I grip the handle on the back of the seat in front of me, the blood has stopped flowing below the knuckles and they are turning white from my death grip on the plastic handle screwed into the vinyl seat. Our driver seems intent on killing us as he desperately tries to make up time lost in a traffic jam. Based on his speeds he apparently has no concern for life inside or outside his white minivan. I am searching my mental map of the area, trying to remember where exactly the road ends and he will undoubtedly have to slow his reckless speed. Surely he won’t be able to keep this speed on the half washed out gravel road that we grew to love on our last trip.
Turn after turn I think to myself, “it has got to be around this next curve”, that is as long as we don’t roll this van. Finally, he slows up, however, it’s not for the anticipated bumpy gravel road, but for the town. Shock and terror now fill my thoughts, this time unrelated to driving, but rather the death of one of my favorite towns.
Ohhh no, They Paved the road…
Has there ever been a place that you connected in a deep way with, a way that makes you want to keep the place a secret so you don’t risk destroying it? If I had a place like that it would be this one.
On our first trip to Central America, several years back, we spent a few nights on the Caribbean side of Costa Rica in the town of Puerto Viejo. A small cluster of beaches connected with a rutted gravel road where the main means of getting around was a two-wheel beach cruiser. Either side of the gravel was lined bright green vegetation, thick with palms and banana trees.

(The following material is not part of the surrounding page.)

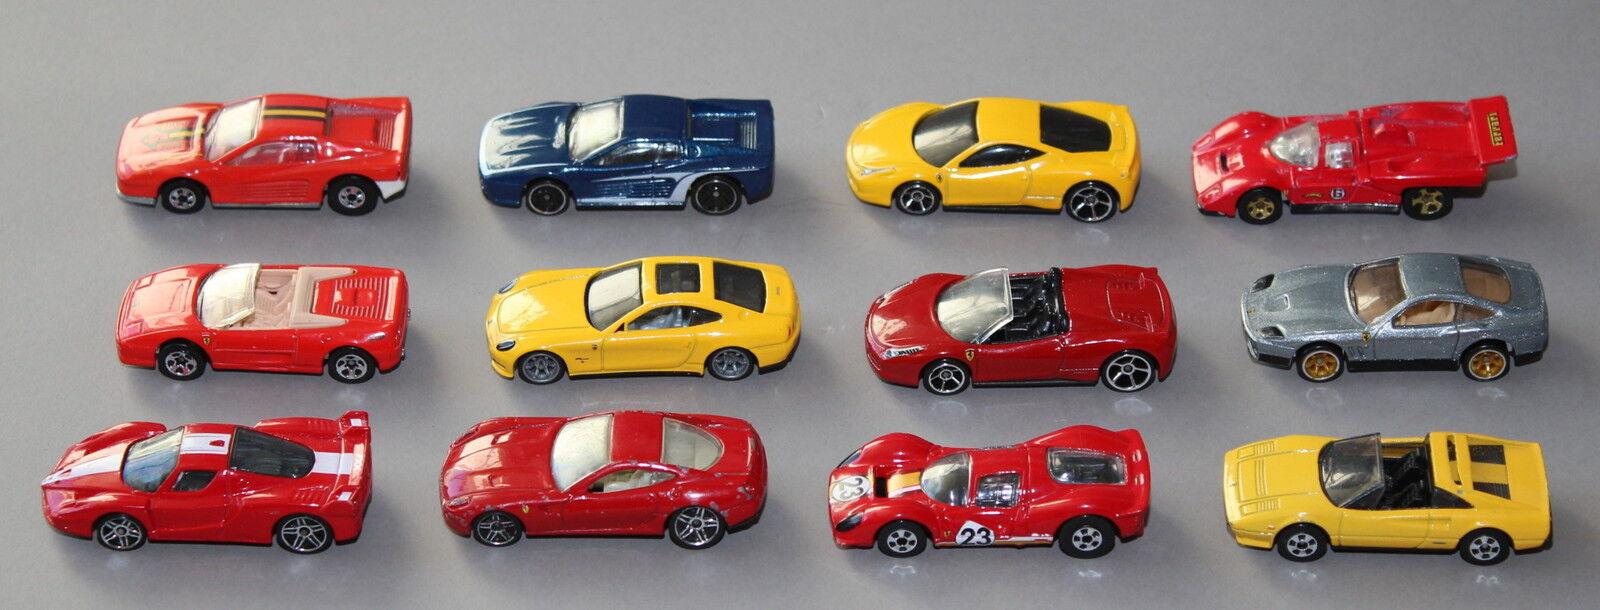 12x ferrari coche modelo o. OVP, 11 unidades de mattel Hot Wheels 1 64 -. - (317)
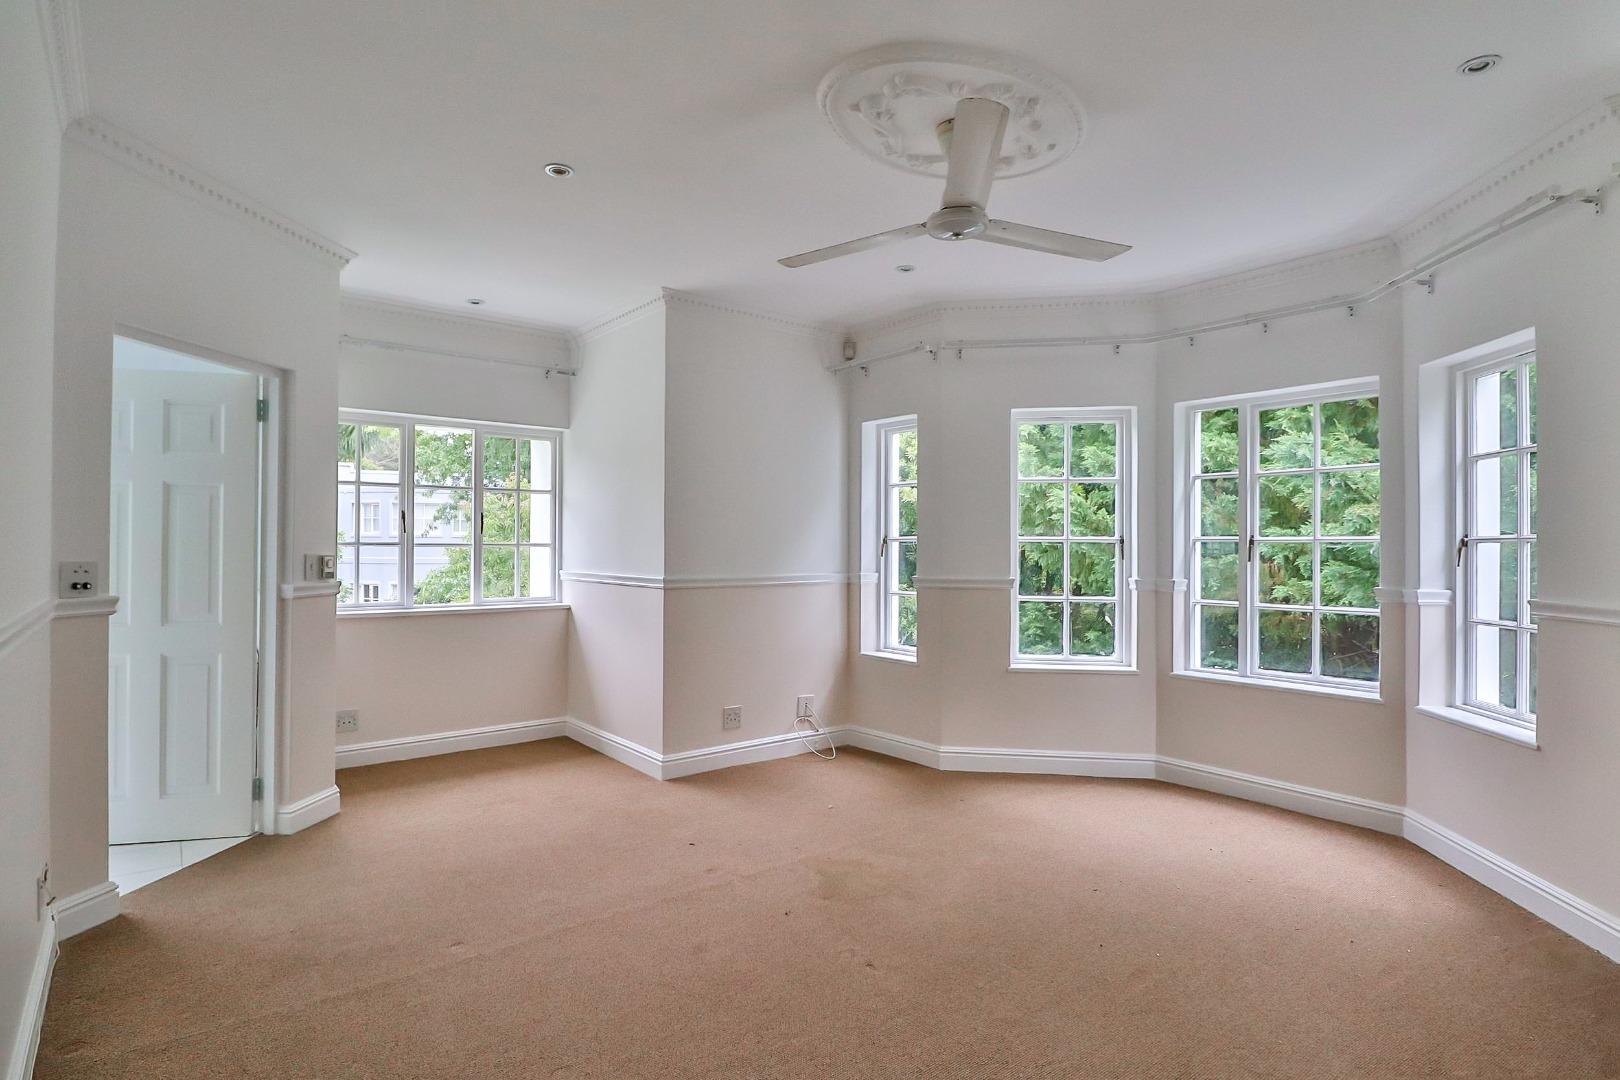 6 Bedroom House For Sale in Belvidere Estate

It had a feeling of being undiscovered. A feeling of a diamond in the rough. It was a place that was a must on our RTW itinerary. We had to go back and re-live the good times we had here the last trip. But it was different, way different.
I have asked myself this question many times about the places I have been: Is it the place that changed or was it me. Sure, physically the town had changed with the addition of some pavement, but I think it’s more than that. I think we have changed as travelers.
The first time I was here in Puerto Viejo I wasn’t a budget traveler, I was on a 10 day vacation to a country I had come on a whim to travel with friends. I didn’t know it at the time, but that trip would help shape the life of travel I now live.
As changed as we are as travelers, the road had something to do with it. We recently returned to Puerto Viejo to find a very different place. Fresh asphalt replaced pothole-filled tracts. Quiet stretches of beach roads are now filled with the sound of construction crews building new properties.
Worst of all, the budget traveler barely has a place here. We have come to realize you’ll never have a first time in a city again, the exploring, the way you connect, all of the other ‘new-itities’ that come with a new-to-you destination. For us Puerto Viejo posed the question, can you ever go back, can you return to a place you loved, and love it the same the 2nd, 3rd, or even 4th time.
Puerto Viejo ended up being a city that we just didn’t have a good time on our RTW trip. It was different, we were different.
So, what to do when your favorite place gets a paved road? The town will be forever changed, there is no going back. So my suggestion is to go forward. Forward to the next destination with a bumpy gravel road, and a good vibe.